Thanks for the warning about feeding and Goldenrod. I'll check in on them tomorrow. Adrian.


----------



## Michael Palmer (Dec 29, 2006)

timgoodin said:


> What do you seperate them with when you sit them on top of another colony?
> 
> Last year I tried used the mountain camp method for the second year. I didn't have good luck last year but I think I know what the problem was. I'm just going to try sugar only in December...


They have a solid bottom board that sits on the lower colony's inner cover. I wonder if you even need to place them on another colony in KY. I do because of our snow depth. Heat from below doesn't seem to matter much. 

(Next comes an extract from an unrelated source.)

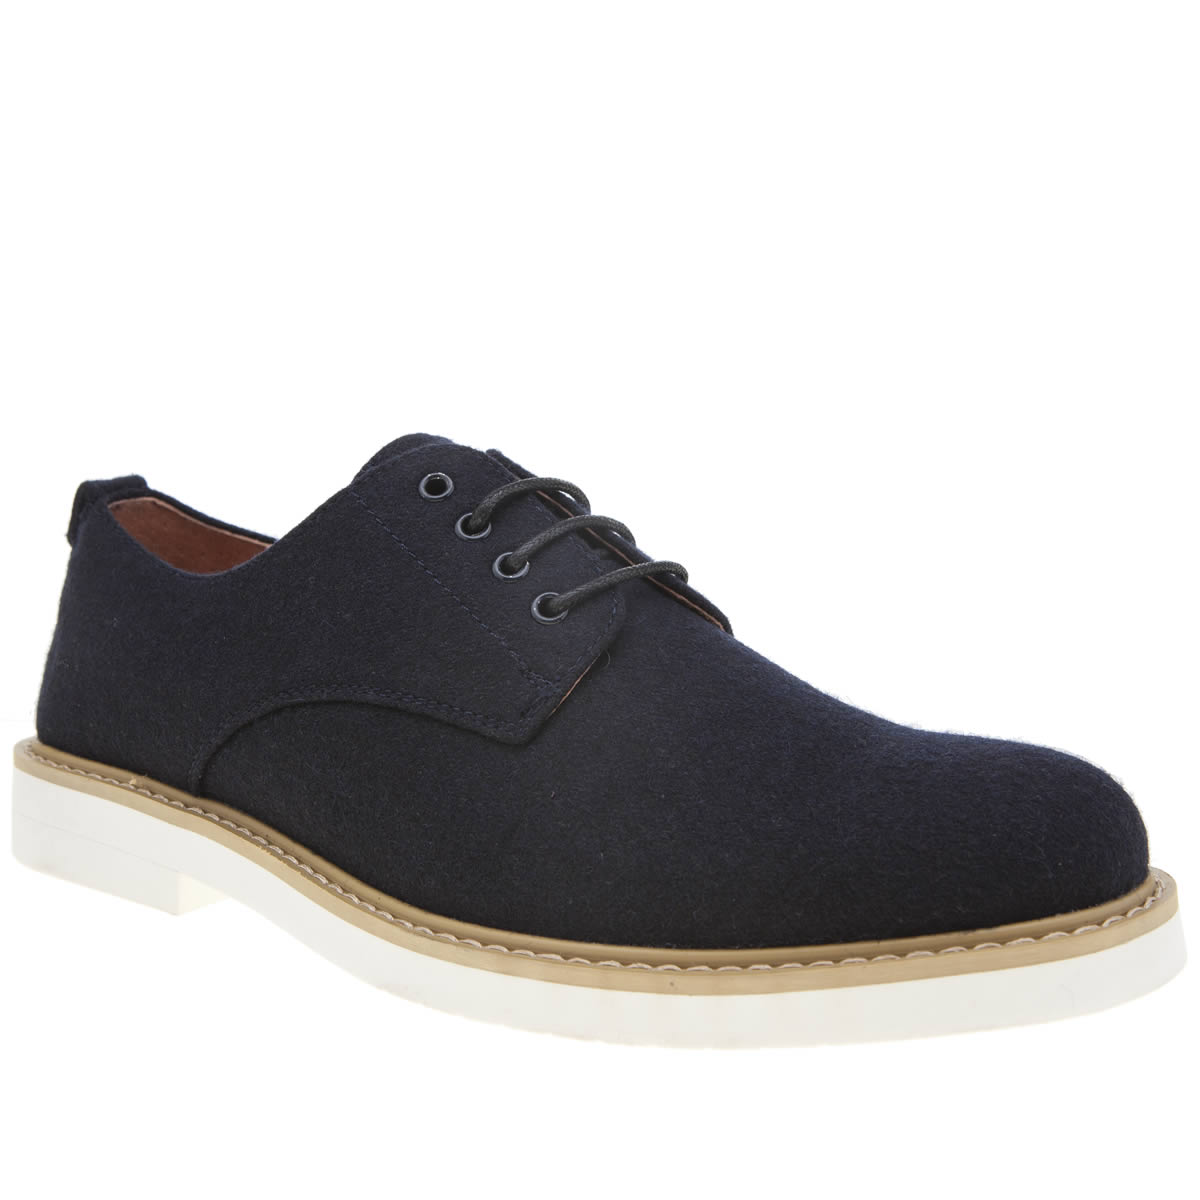 Peter Werth Peter Werth Navy Melton Derby Shoes

Rather than trying to make them process sugar during the winter, something I think isn't so great for wintering bees, why don't you feed enough 2:1 at the correct time so they store, ripen, and cap it? Wouldn't it make sense to allow the bees to place their feed where they would, naturally?


----------



## Bodhi (Aug 30, 2009)

Michael Palmer said:


> They have a solid bottom board that sits on the lower colony's inner cover.


Michael- are these bottom boards store-bought or home-made? 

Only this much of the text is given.